- Work instructions: Go through the listing below and repeat it exactly, omitting each picture.

━━ Data provided

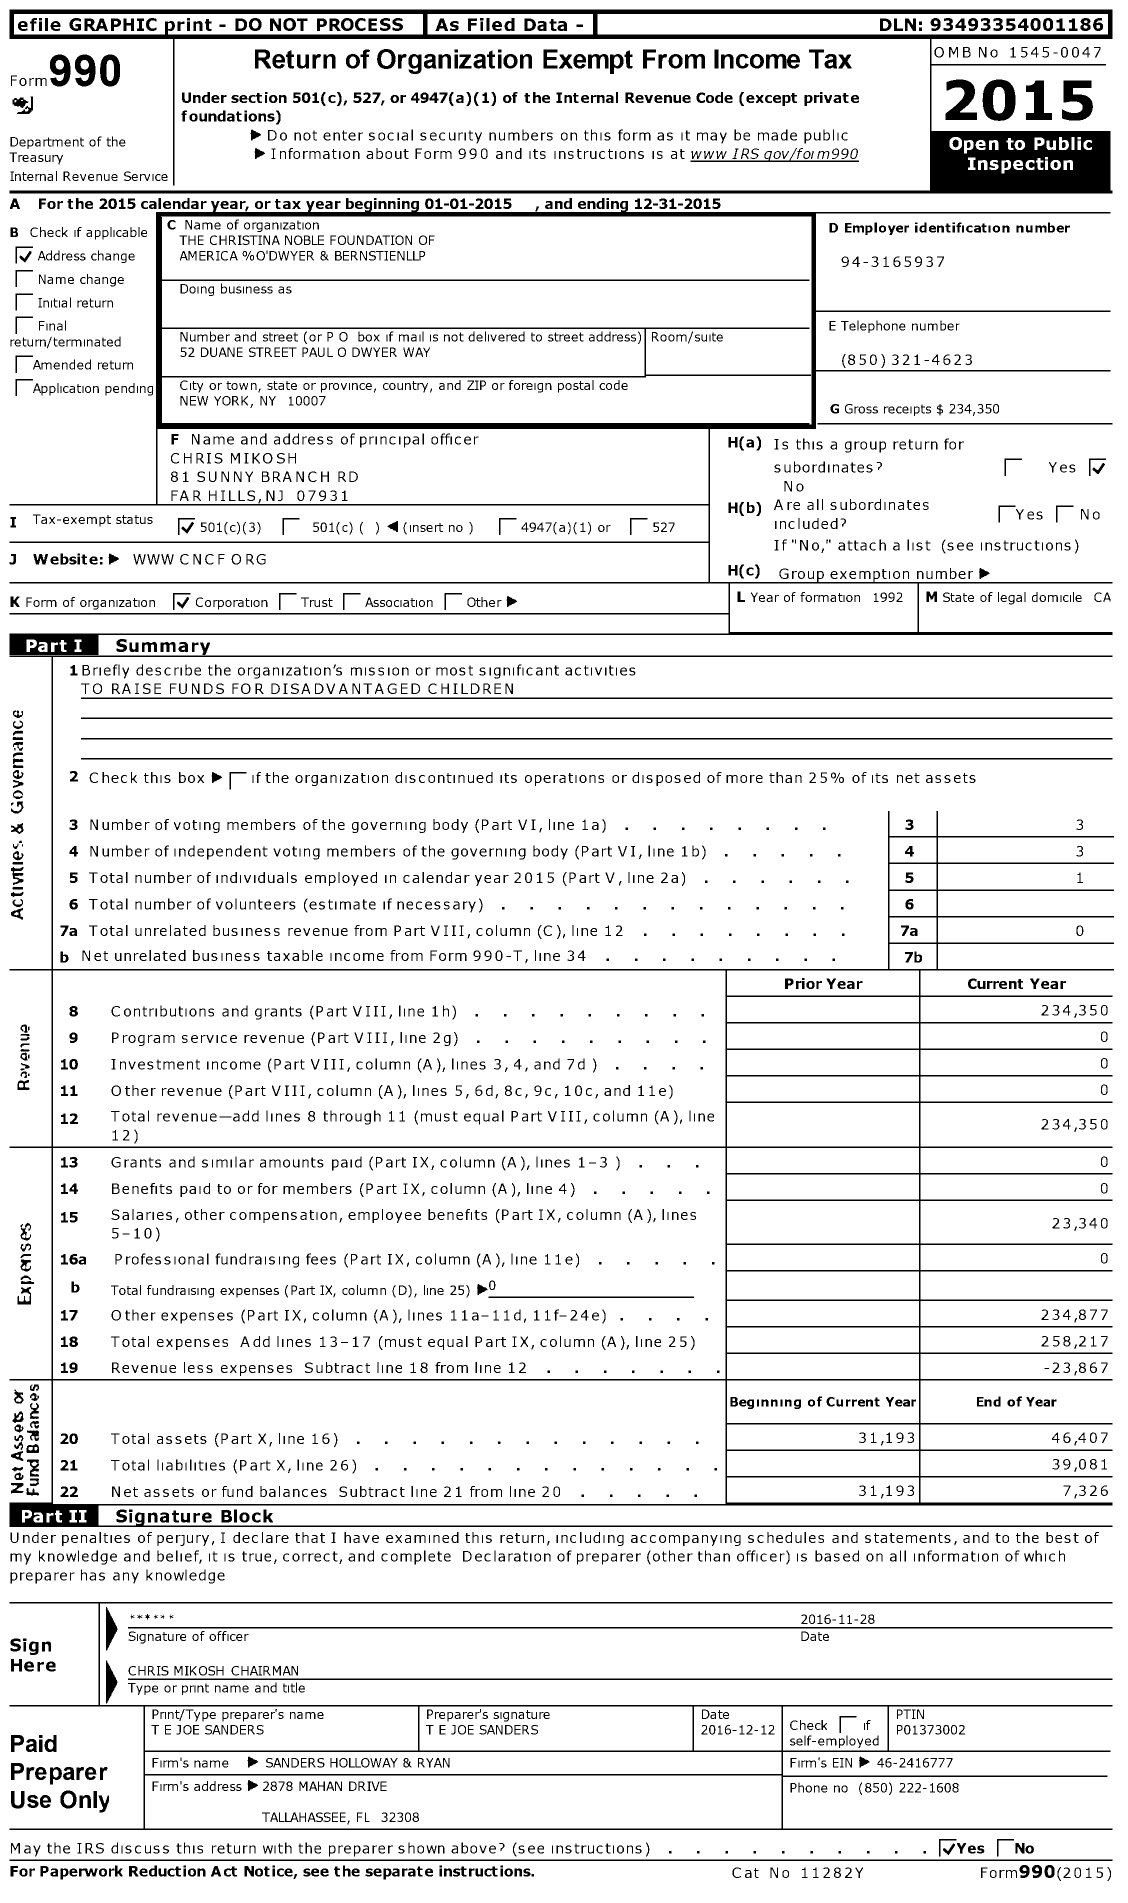 Image of first page of 2015 Form 990 for The Christina Noble Foundation of America
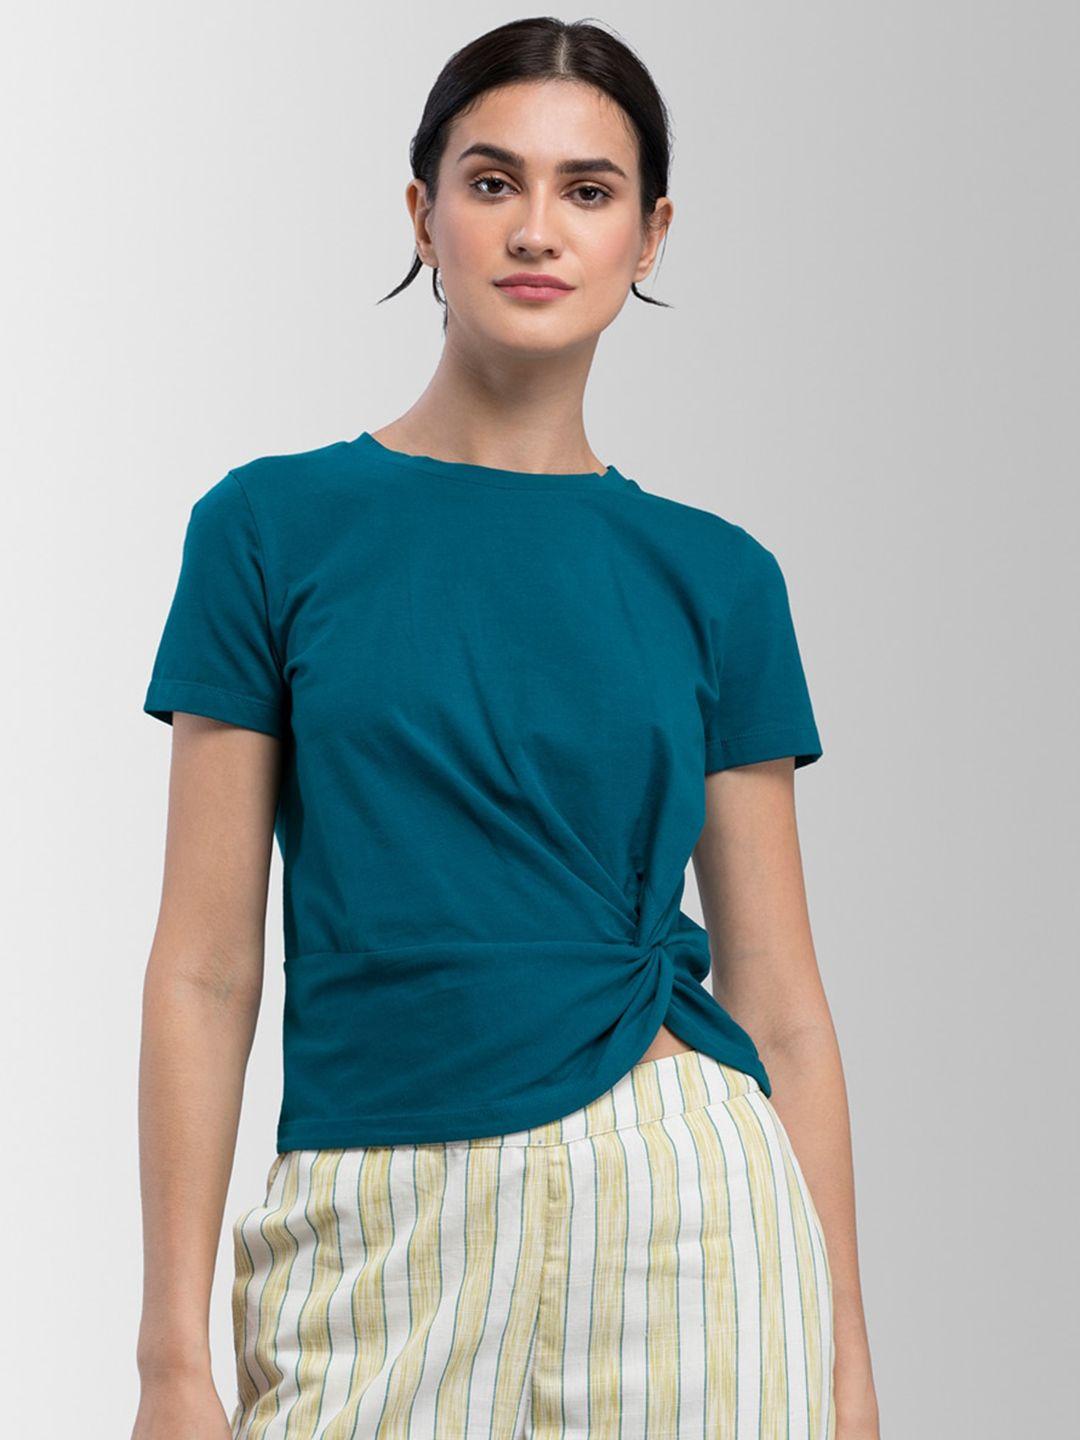 fablestreet women teal blue solid twisted top
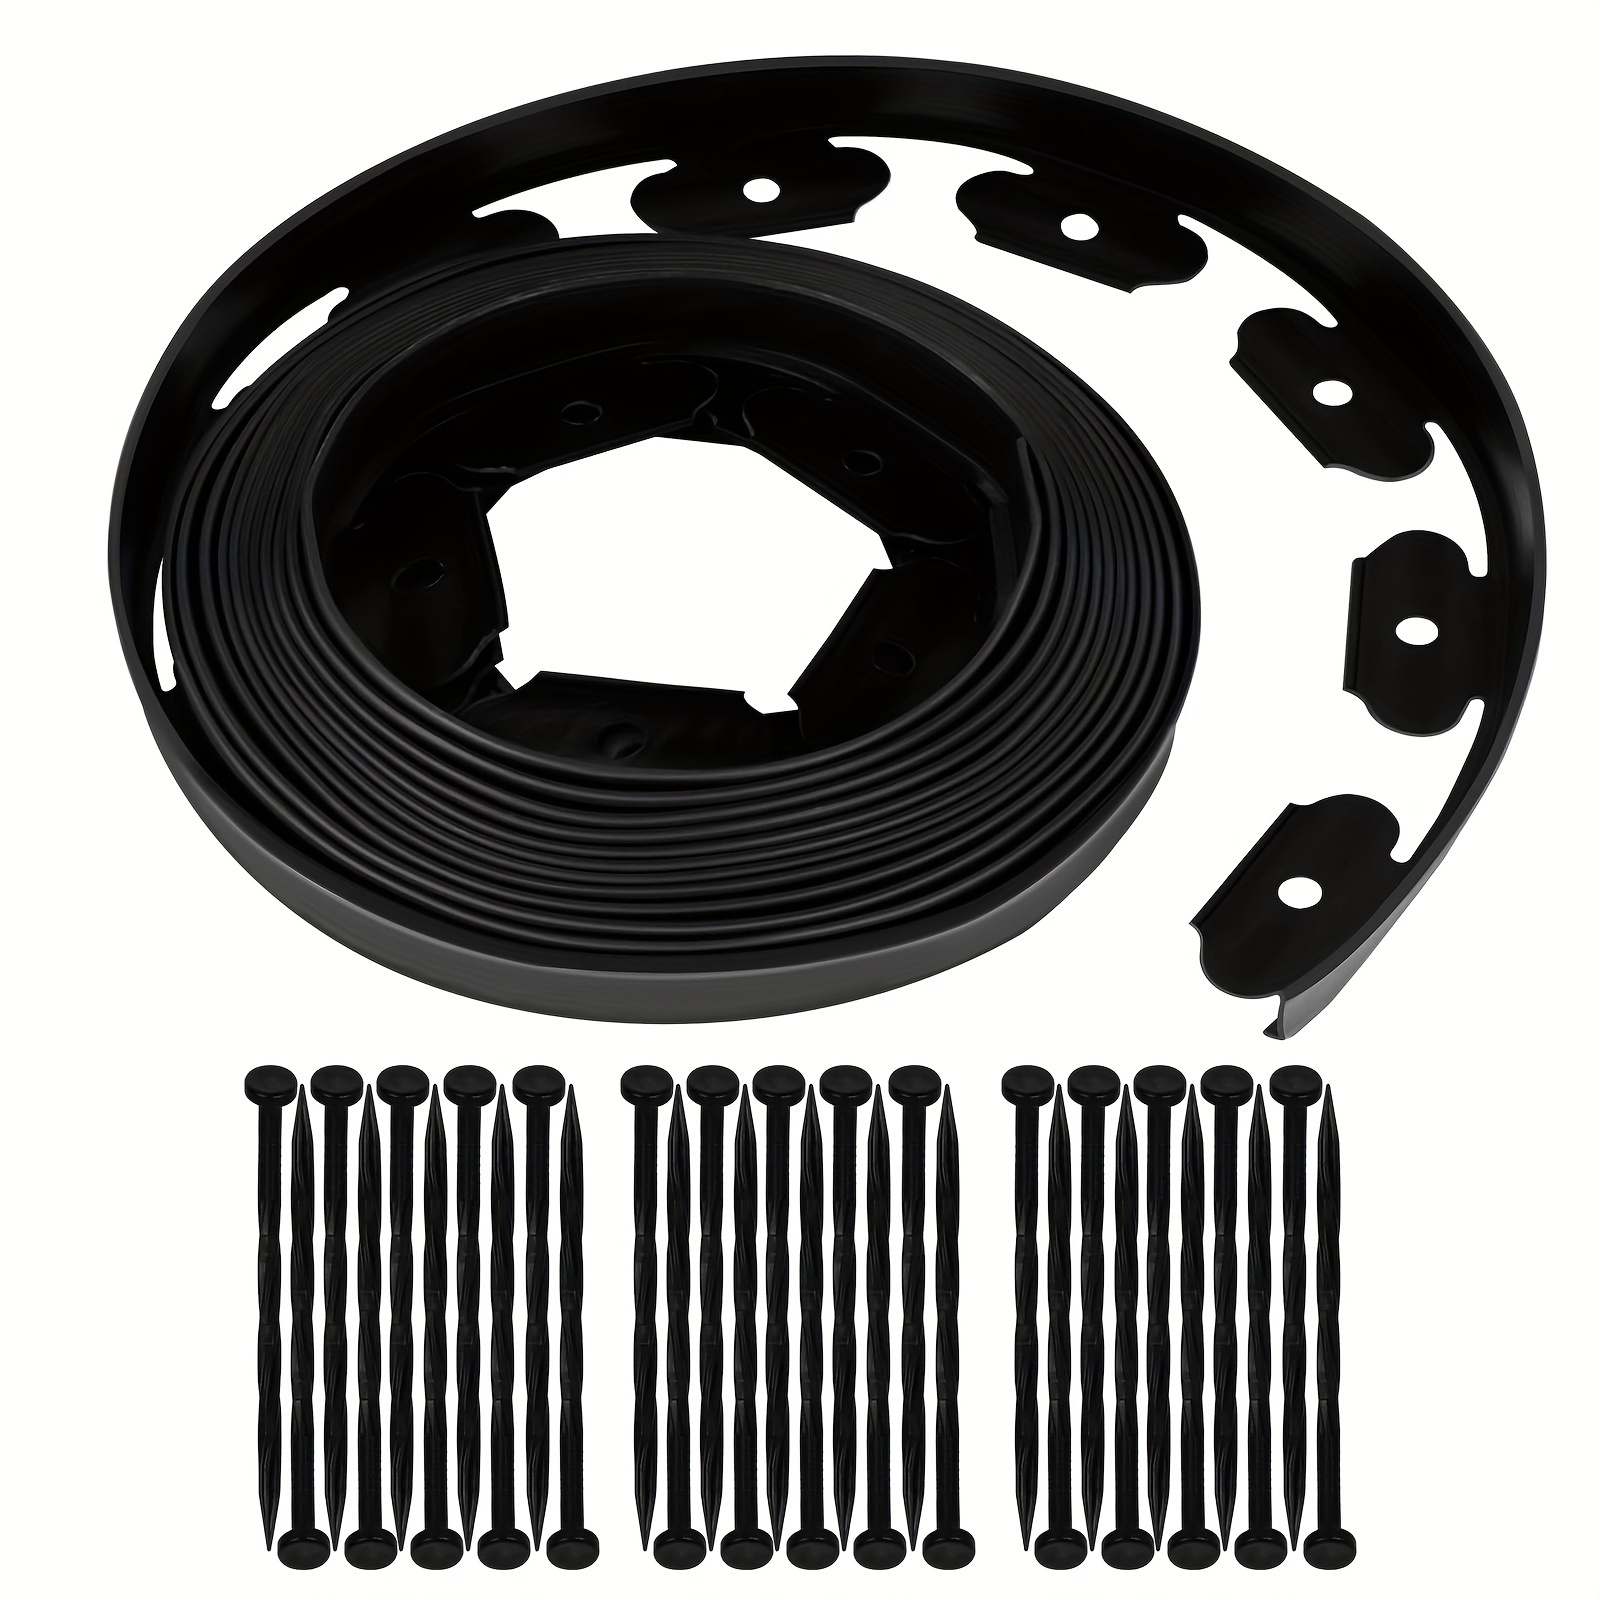 

Easy-install 33ft Black Landscape Edging Kit, 2in High No-dig Plastic Garden Border With 30 Anchoring Spikes

━━━━

- Answer box:
 Image of first page of 2015 Form 990 for The Christina Noble Foundation of America
 fablestreet women teal blue solid twisted top

Easy-install 33ft Black Landscape Edging Kit, 2in High No-dig Plastic Garden Border With 30 Anchoring Spikes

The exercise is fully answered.